A strange equation V

First, substitute $x=y-4$ to delete some coefficients. We obtain: $(y-4)^7+28(y-4)^6+308(y-4)^5+1680(y-4)^4+4704(y-4)^3+6272(y-4)^2+3136(y-4)-128\sqrt{2}+256=0$ $y^7-28y^5+224y^3-448y-128\sqrt{2}=0$ We deleted the $x^6$ , $x^4$ and $x^2$ coefficients. But now, how to solve it?

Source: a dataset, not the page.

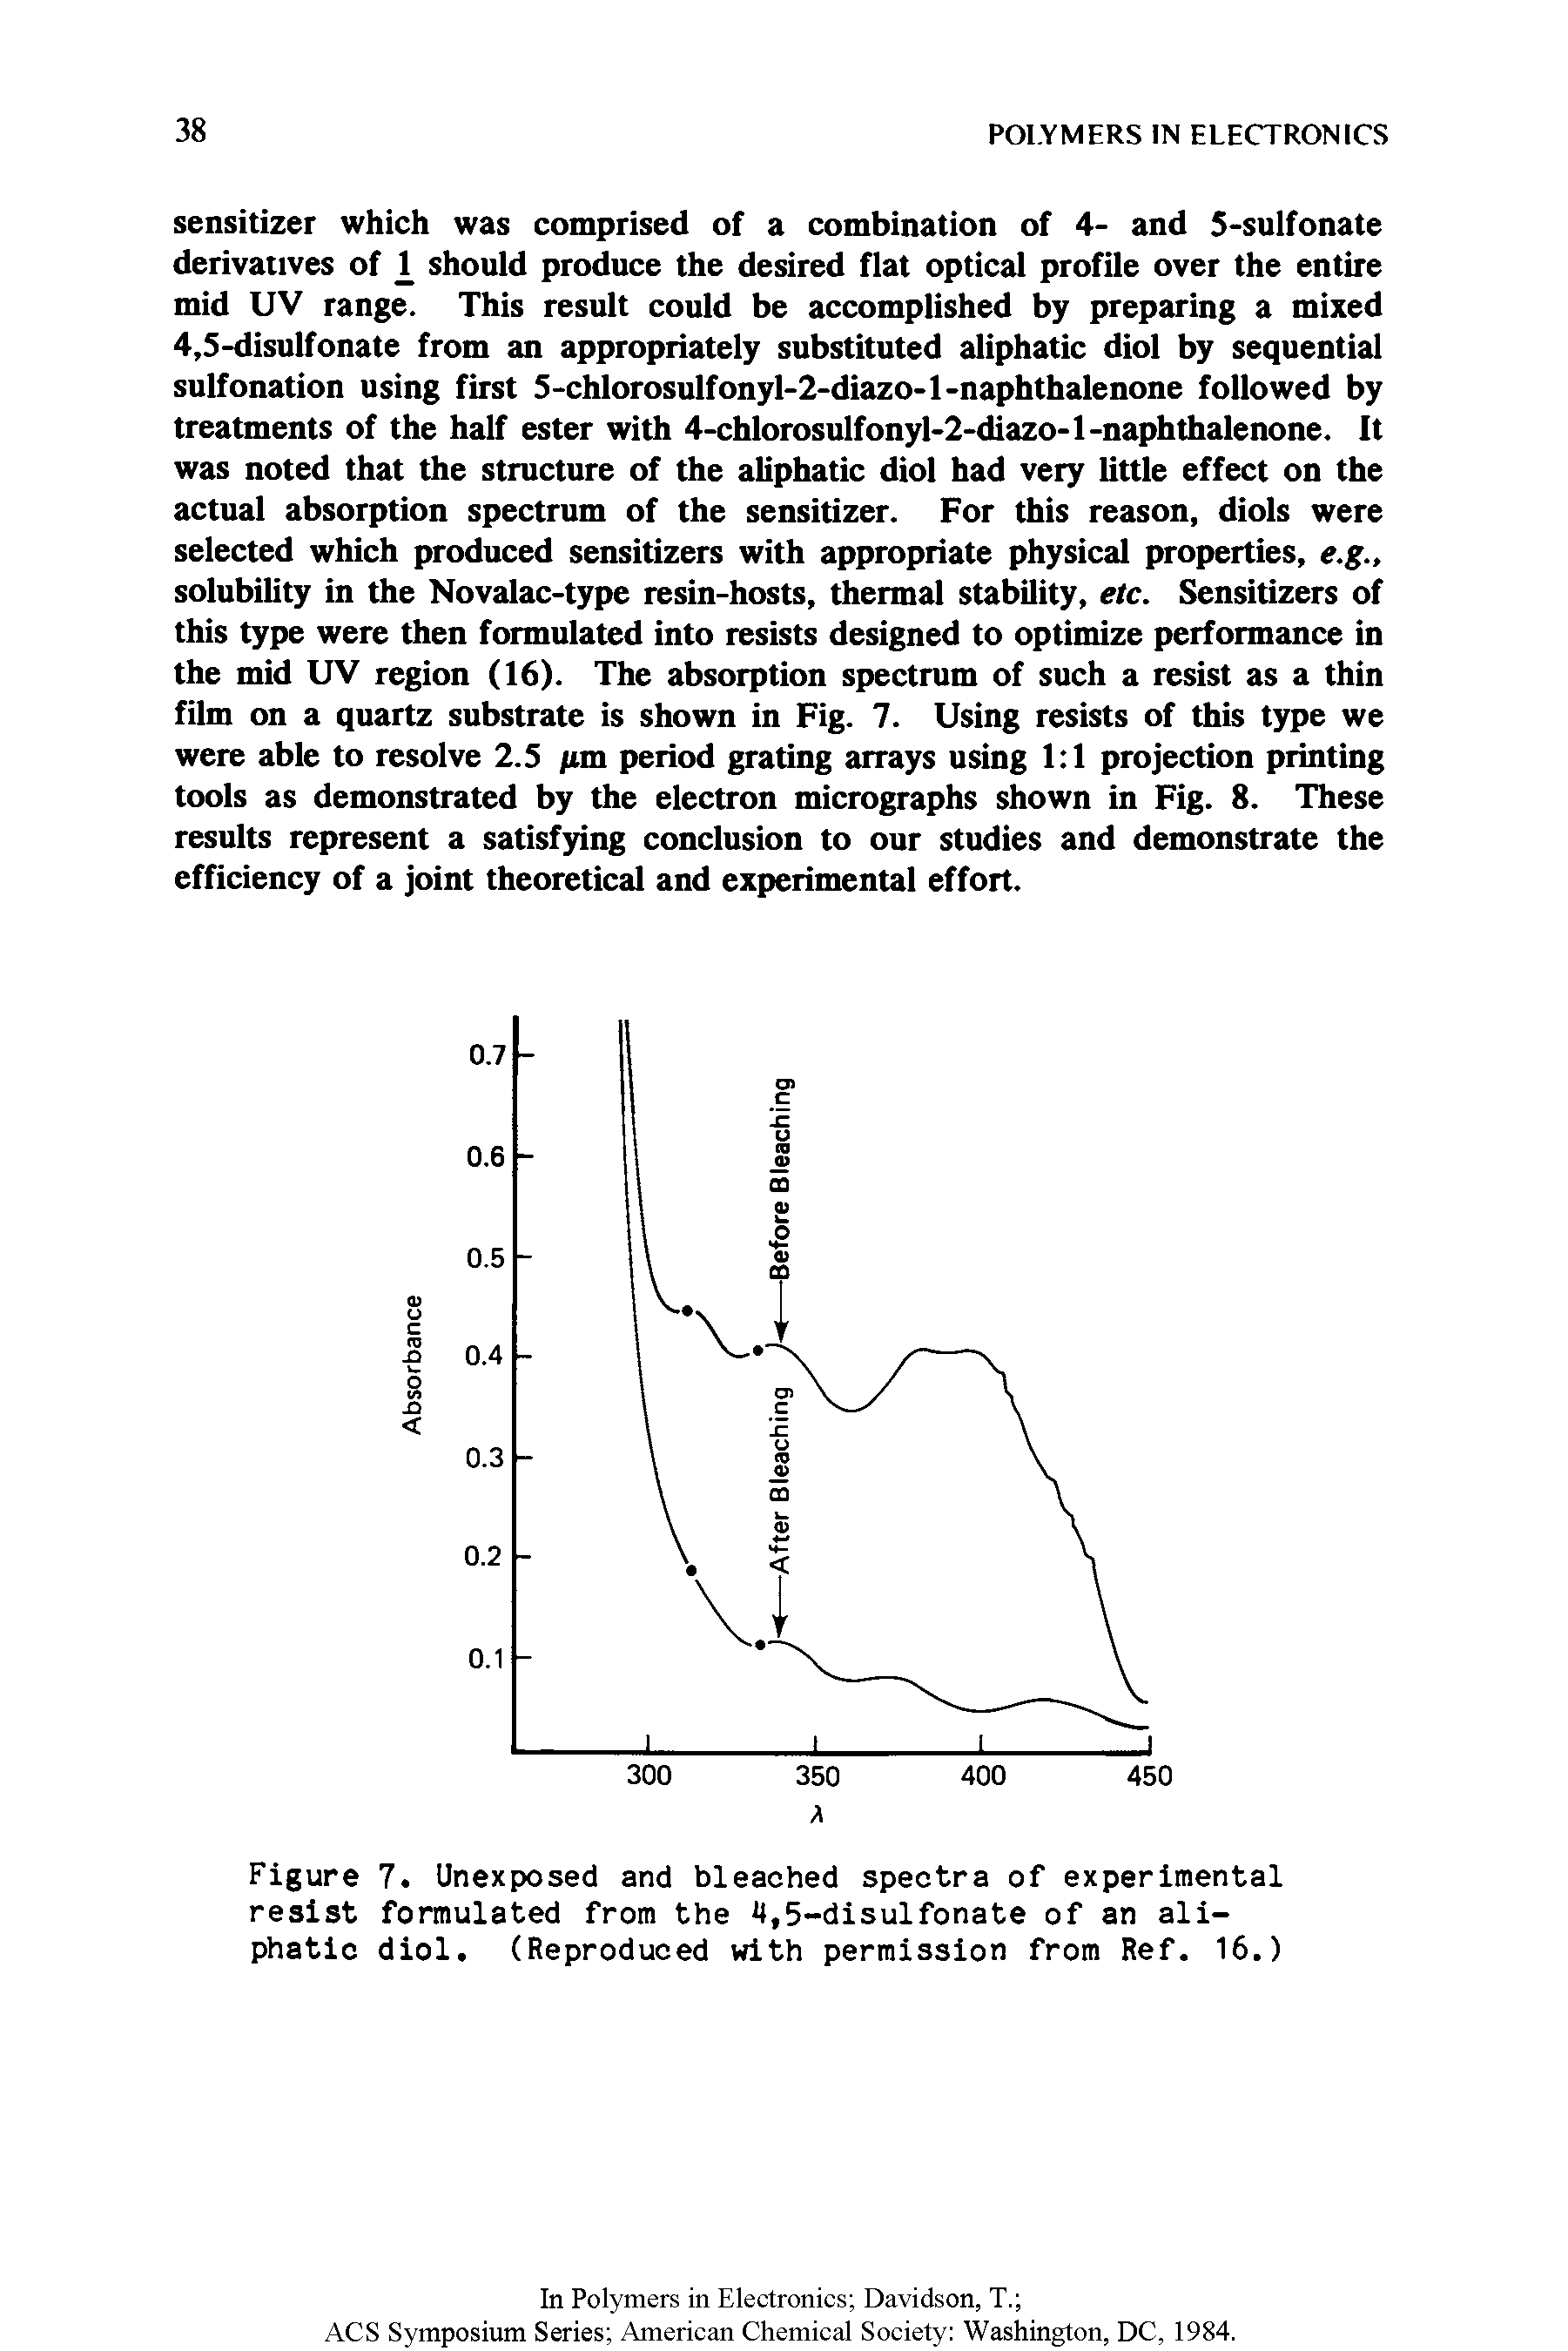 Figure 7. Unexposed and bleached spectra of experimental resist formulated from the 4,5-disulfonate of an aliphatic diol. (Reproduced with permission from Ref. 16.)...
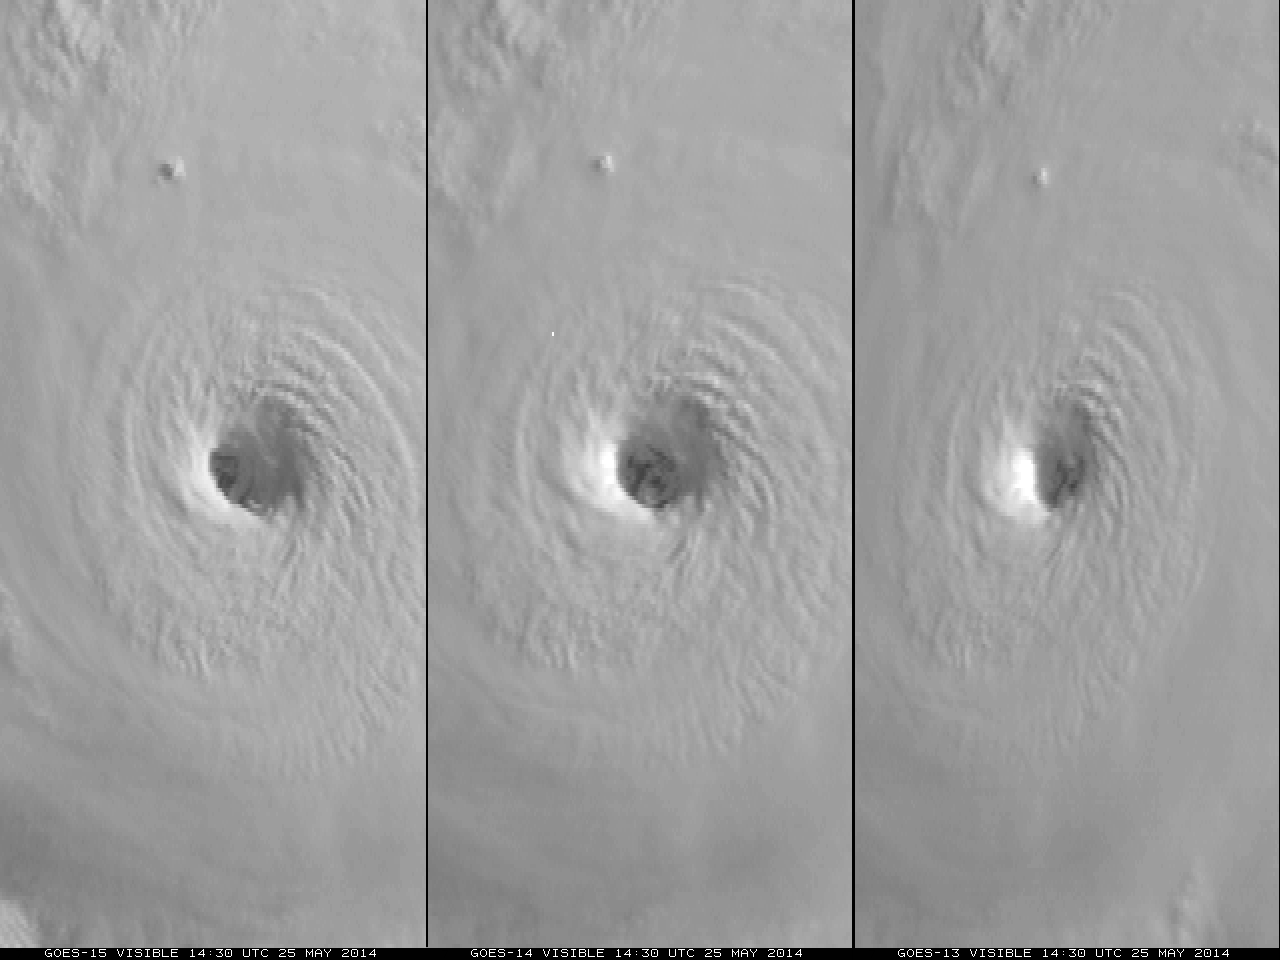 GOES-15 (left), GOES-14 (center), and GOES-13 (right) 0.63 µm visible channel images [click to play animation]

This identity will help us: $(u+v)^7-7uv(u+v)^5+14(uv)^2(u+v)^3-7(uv)^3(u+v)-(u^7+v^7)=0$ . But, where did it come from? Well, first observe that it matches perfectly with our equation in $y$ , and this is a special case of seven degree equation, named De Moivre's septic . So, now, form an equation system by comparing the coefficients: $y=u+v$ $-7uv=-28 \leftrightarrow uv=4$ $-(u^7+v^7)=-128\sqrt{2} \leftrightarrow u^7+v^7=128\sqrt{2}$ Raise both sides of the second equation to the $7^{th}$ power: $(u)^7(v)^7=16384$ $u^7+v^7=128\sqrt{2}$ These two equations form a second degree equation by Vieta's formulas, with roots $u^7$ and $v^7$ . So, let $z_{1}=u^7$ and $z_{2}=v^{7}$ : $z^2-128\sqrt{2}+16384=0$ Use the quadratic formula and simplify: $z_{1,2}=64\sqrt{2}\pm 64i\sqrt{2}$ Transform that expression into the polar form: $z_{1,2}=128e^{\pm\dfrac{\pi i(8k+1)}{4}}$ Now, obtain $u$ and $v$ : $u=\sqrt[7]{128e^{\dfrac{\pi i(8k+1)}{4}}}=2e^{\dfrac{\pi i(8k+1)}{28}}$ $v=\sqrt[7]{128e^{-\dfrac{\pi i(8k+1)}{4}}}=2e^{-\dfrac{\pi i(8k+1)}{28}}$ And reverse to the rectangular form, still in radians: $u=2\left(\cos\left(\dfrac{\pi(8k+1)}{28}\right)+i \sin\left(\dfrac{\pi(8k+1)}{28}\right)\right)$ $v=2\left(\cos\left(\dfrac{\pi(8k+1)}{28}\right)-i \sin\left(\dfrac{\pi(8k+1)}{28}\right)\right)$

As, we stated at the beginning, $y=u+v$ , so: $y=4\cos\left(\dfrac{\pi(8k+1)}{28}\right)$ (Note that the imaginary part cancelled, because $u$ and $v$ are complex conjugates.) And, $x=y-4$ , so: $\boxed{x=-4+4\cos\left(\dfrac{\pi(8k+1)}{28}\right)}$

And finally, compute the seven solutions for $k=0,1,2,3,4,5,6$ and order them. I will use some trigonometric identities to always express the angle in the range $[0,\frac{\pi}{2}]$ : $\boxed{x_{1}=-4-4\cos(\frac{3\pi}{28})}$ $\boxed{x_{2}=-4-4\cos(\frac{5\pi}{28})}$ $\boxed{x_{3}=-4-4\cos(\frac{11\pi}{28})}$ $\boxed{x_{4}=-4-4\cos(\frac{13\pi}{28})}$ $\boxed{x_{5}=-4+4\cos(\frac{9\pi}{28})}$ $x_{6}=-4+4\cos(\frac{\pi}{4}) = \boxed{-4+2\sqrt{2}}$ $\boxed{x_{7}=-4+4\cos(\frac{\pi}{28})}$

Hence, $a=4$ , $b=4$ , $c=3$ , $d=28$ , $e=5$ , $f=11$ , $g=13$ , $h=9$ , $j=2$ , $k=1$ and $a+b+c+d+e+f+g+h+j+k=\boxed{80}$

x^7 + p x^5 + (2/ 7) p^2 x^3 + (1/ 49) p^3 x + q = 0

x^6 + p x^4 + (1/ 4) p^2 x^2 + q = 0 {Forgot when I added into my memo.}

x^5 + p x^3 + (1/ 5) p^2 x + q = 0

x^3 + p x + q = 0

These are outcome of binomial expansions. I am thinking of introducing Cube_Root (p, q) as a basic function for cubic equation mentioned above.

x^4 + p x^2 + q x + r = 0 and x^5 + p x^3 + q x^2 + (p^2/ 5) x + r = 0 are Trinomials as I named them, but there is nothing to gain. How is your conclusion for x^5 + p x^4 + q x^3 + r x^2 + s x + t = 0?